As a result, I’ve edited my original article to (I hope) more fairly present what S2F actually is, and make sure none of my arguments are based on setting up a straw man.

One point I made in my original article was:

What this means is, to some level, even though demand is not an explicit variable in the S2F model, the model must implicitly assume a consistent increase in demand over future years

PlanB recently tweeted, making some really interesting points:

In a nutshell, he compares Bitcoin to a Veblen Good, and actually makes the point that S2F can be seen as a model which predicts demand.

It’s really great to hear PlanB raise this point, as in my original article one thing I really wanted to emphasize is that demand is a kind of “hidden variable” in the S2F model. In other words: S2F has this implicit assumption that demand will continue to increase over the following years.

In this framing, S2F is more saying “here’s what the price will be after each halving, given steadily increasing demand”, rather than “here’s what the price will be after halving, even if demand stays flat”.

I think this fundamental assumption that demand will steadily increase, is probably true. In case it’s not already clear, I’m a huge proponent of Bitcoin, and I think that as more people discover it, the adoption will increase, and the demand will increase.

What could be the cause of this increased adoption and demand?

  • Many people do view Bitcoin as a ‘scarce’ good that they want to get their hands on while they can, in anticipation of it becoming scarcer.
  • Many people want to buy Bitcoin because of the ‘intrinsic’ value of the network: the ability to prove ownership of and transfer vast sums of money, which only gets easier as more value is stored on the network.
  • Many people see this as a hedge for the macro narrative; that fiat currencies will be gradually debased and devalued, and Bitcoin is a sound alternative.

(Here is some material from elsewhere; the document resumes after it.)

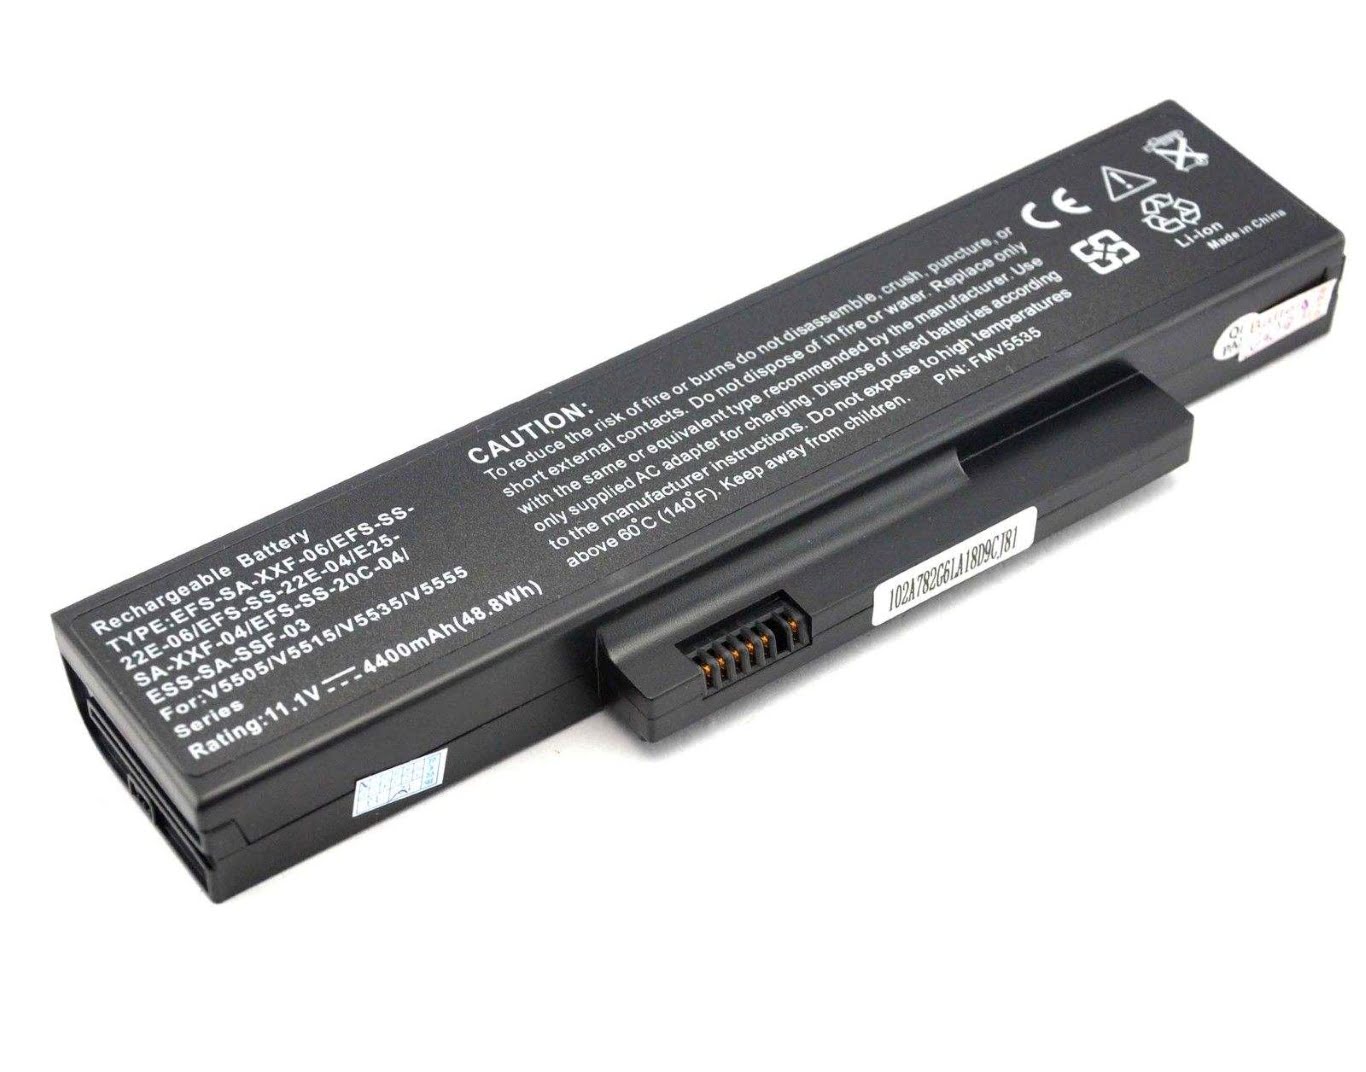 Fujitsu Fox-efs-sa-22f-06, Fox-efs-sa-xxf-06 Laptop Battery For Esprimo Mobile V5515, Esprimo Mobile V5535 replacement
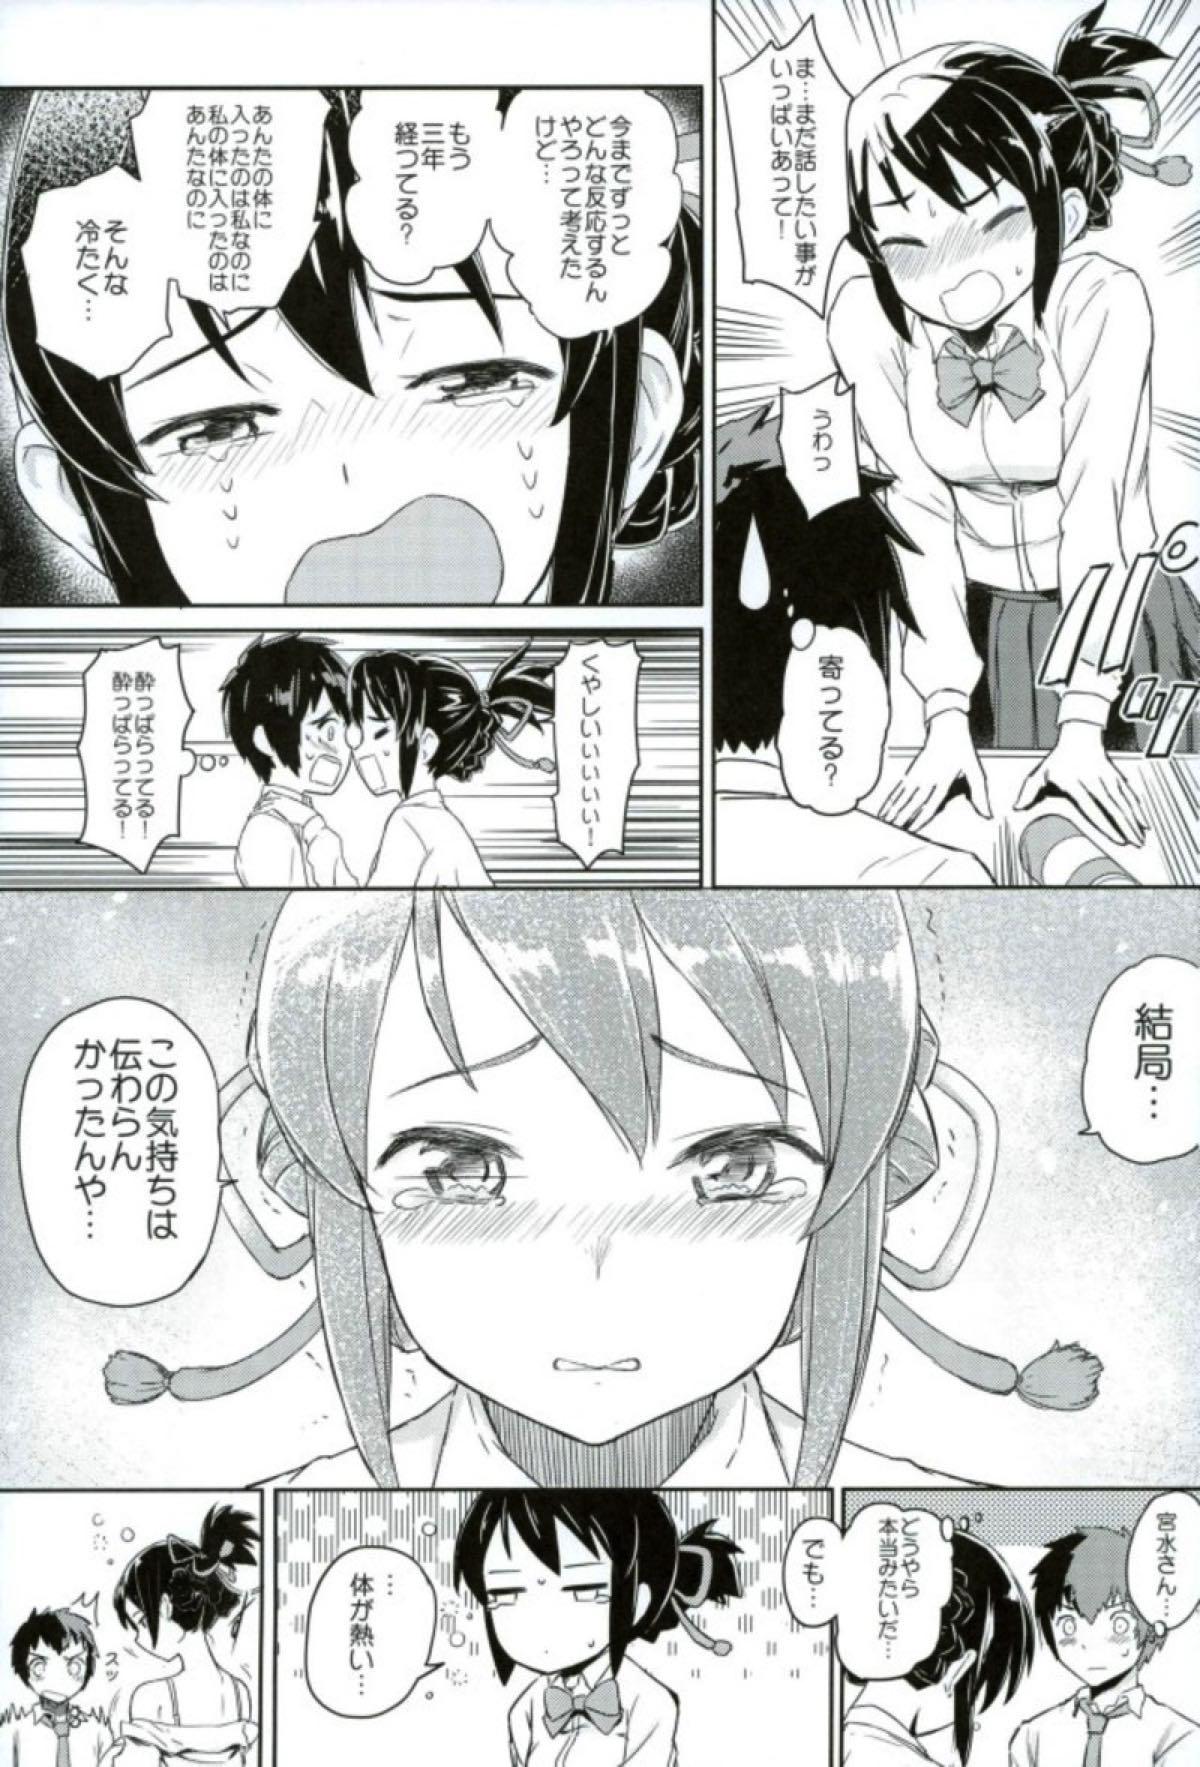 Cojiendo Kimi to Boku no Musubi - Kimi no na wa. Bottom - Page 4

These are all potentially valid lines of reasoning.

So where does S2F fit in?

Even if we treat S2F as a model for steadily increasing demand, which I think is a fair argument for why it may have the accuracy it does so far, the issues I still have are:

  1. Veblen goods are valued because of their price, and because of their scarcity. S2F does not model Bitcoin’s price as a flywheel, where “as the price increases, the demand will increase and the price will increase further”. Instead it models Bitcoin’s price based on the stock to flow ratio at any given time.
  2. That stock to flow ratio does not seem to truly represent the scarcity of Bitcoin. The flow of newly minted coins is a much smaller number than the daily volume of coins traded on the open market, as argued in my original article.
  3. So we’re forced to conclude that if S2F is correct, it must be the perceived scarcity of Bitcoin (due to the halving cycles every four years) which has the most impact on the price trajectory.
  4. I believe the perceived value of Bitcoin, is a much stronger narrative than the perceived scarcity. Especially given that the true scarcity is dictated by the market, not the miners — which any decently-sized investor or institution is certain to realize.
  5. The true Bitcoin scarcity is not only programmatically defined, but a totally static number — the 21 million Bitcoin cap. It is far more common for investors to reference this 21 million cap than to reference the current block reward, when explaining their mental models on scarcity. As such the ‘real’ scarcity is much more of a factor than the ‘perceived’ scarcity.
  6. I also question, even if S2F purports to model for increasing demand, how accurate that can remain in the long term. Demand is a fickle thing, which is not usually correlated years in advance with any known quantity, and is not usually just a function of time which can steadily increase forever. For one thing, there are a finite number of humans and institutions that can actually adopt Bitcoin.

Could Bitcoin be a Veblen good? Perhaps. But I’m not yet convinced that the volume of newly mined coins is the largest factor in determining that. My view is still that Bitcoin’s perceived value, actual scarcity, and massive network effects, are far stronger factors than the impact caused by perceived scarcity.